Smith calls for process of purification and reform

Members of the Council of Consecrated Women offer a blessing to Archbishop Emeritus Joseph MacNeil, May 3 to mark his 90th birthday.

WCR PHOTO | RAMON GONZALEZ

Members of the Council of Consecrated Women offer a blessing to Archbishop Emeritus Joseph MacNeil, May 3 to mark his 90th birthday.

Archbishop Richard Smith says the Edmonton Archdiocese will undergo a process of discernment, purification and reform.

WCR PHOTO | RAMON GONZALEZ

Archbishop Richard Smith says the Edmonton Archdiocese will undergo a process of discernment, purification and reform.

May 12, 2014
RAMON GONZALEZ
WESTERN CATHOLIC REPORTER

The Edmonton Archdiocese wants to involve everybody in its response to Pope Francis' call for discernment, purification and reform.

Archbishop Richard Smith made that announcement May 3 at the annual meeting of the Council of Consecrated Women.

He has already created a 10-member committee with representatives from all sectors of archdiocese. The team will get together once a month for the next year beginning next month.

Also in the coming year the group will prepare the ground for broader archdiocesan reflection and consultation about the discernment, purification and reform process.

"You can see that this is a multi-year process," Smith said at the meeting. "I want to involve everybody within the archdiocese. The format, the method is still to be discerned."

The archbishop said there might be the occasional faith-formation

opportunity during the overall process but warned that the response to Pope Francis' call will be far greater than the Nothing More Beautiful series.

"What we need to be doing now in response to Pope Francis is something far more radical and far deeper."

The pope's call for discernment, purification and reform was made in the context of the new evangelization and can be found in his exhortation Evangelii Gaudium (The Joy of the Gospel).

"His call to the Church today is to really understand and live what it means to be a missionary disciple of Jesus Christ – people who are sent in particular to the peripheries, to the edges, to the margins," explained Smith.

"Then he deepened the call further with his apostolic exhortation. What I say to people is for the Church today, this is clearly required reading and it's very challenging reading."

The archbishop said he loves listening to the pope and reading his writings. "But at the same time he is constantly hitting us right between the eyes with dramatic challenges."

In his exhortation, the pope focuses on the concept of pastoral conversion. "If we are to be missionary disciples of Jesus Christ then the whole Church must undergo a pastoral conversion," explained Smith.

AUTHENTICALLY MISSIONARY

"He wants us to undergo whatever conversion is necessary in order to be an authentically missionary people."

In the exhortation, at the end of paragraph 30, the pope says, "I'm calling upon every local Church to undergo a resolute process of discernment, purification and reform," Smith said.

"He is deadly serious. These are times in the Church for pastoral conversion."

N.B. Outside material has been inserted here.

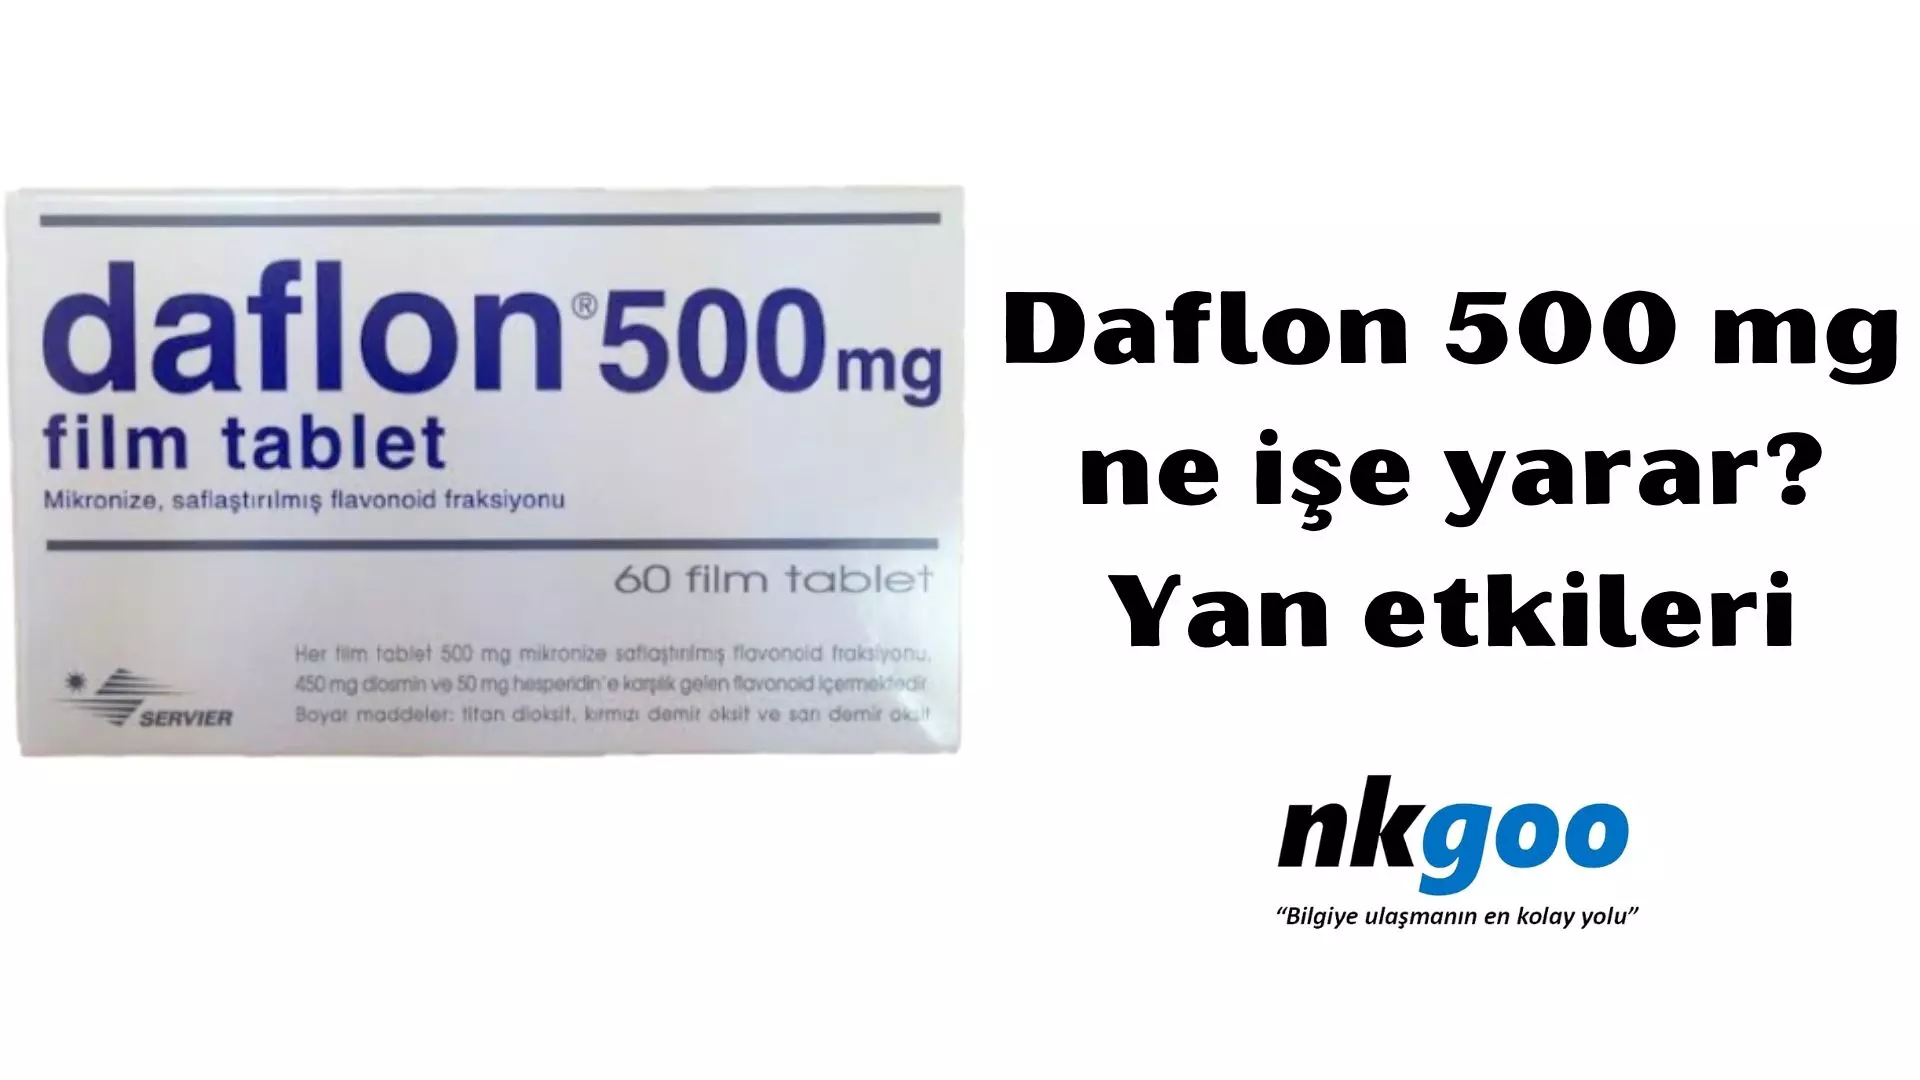 Daflon 500 mg ne işe yarar? Yan etkileri

Smith invited the religious women to take a look at Francis' exhortation. "Take to heart the call of Pope Francis and ask what it will mean for us here and now to undergo a resolute process of discernment, purification and reform."

He shared with members of the Council of Consecrated Women some of the steps the archdiocese is putting in place to try and make the process happen.

AUTHENTIC ENCOUNTER

For the last couple of months the archbishop and his planning committee have been meeting with a facilitator to discern questions such as what does it means to be a disciple of Jesus Christ and how do we help our people experience the Eucharist as an authentic encounter with the person of Jesus Christ.

"But now we have taken a further step and we have put together what I'm now calling a pastoral conversion committee," he announced. This 10-member committee is made up of the five members of the archbishop's planning committee in addition to reps from education, rural areas, young families and other areas.

"For yourselves, I would suggest this doesn't mean sitting back and wait and see what the archbishop is going to come up with," Smith told the women.

"There is an opportunity now for each and every one of us to respond to the call of the pope and say, 'Alright, how do we go into this resolute process of discernment, purification and reform?'"

COUNCIL'S ANNIVERSARY

At the meeting the religious women elected new members to the council and marked the 40th anniversary of the Council of Consecrated Women, which has undergone a change of name three times.

It began as the Sisters' Council much as the Council of Priests. In 1985 it changed its name to Council of Women Religious. The council has had its current name since 2008.

It began 40 years ago with 630 sisters from 30 religious communities. Now it has 175 members from 27 religious communities.

The council marked the 90th birthday of Archbishop Joseph MacNeil with song, cake and hugs. MacNeil never missed a meeting of the council during his 26 years as archbishop, except once when the women couldn't meet on a Saturday.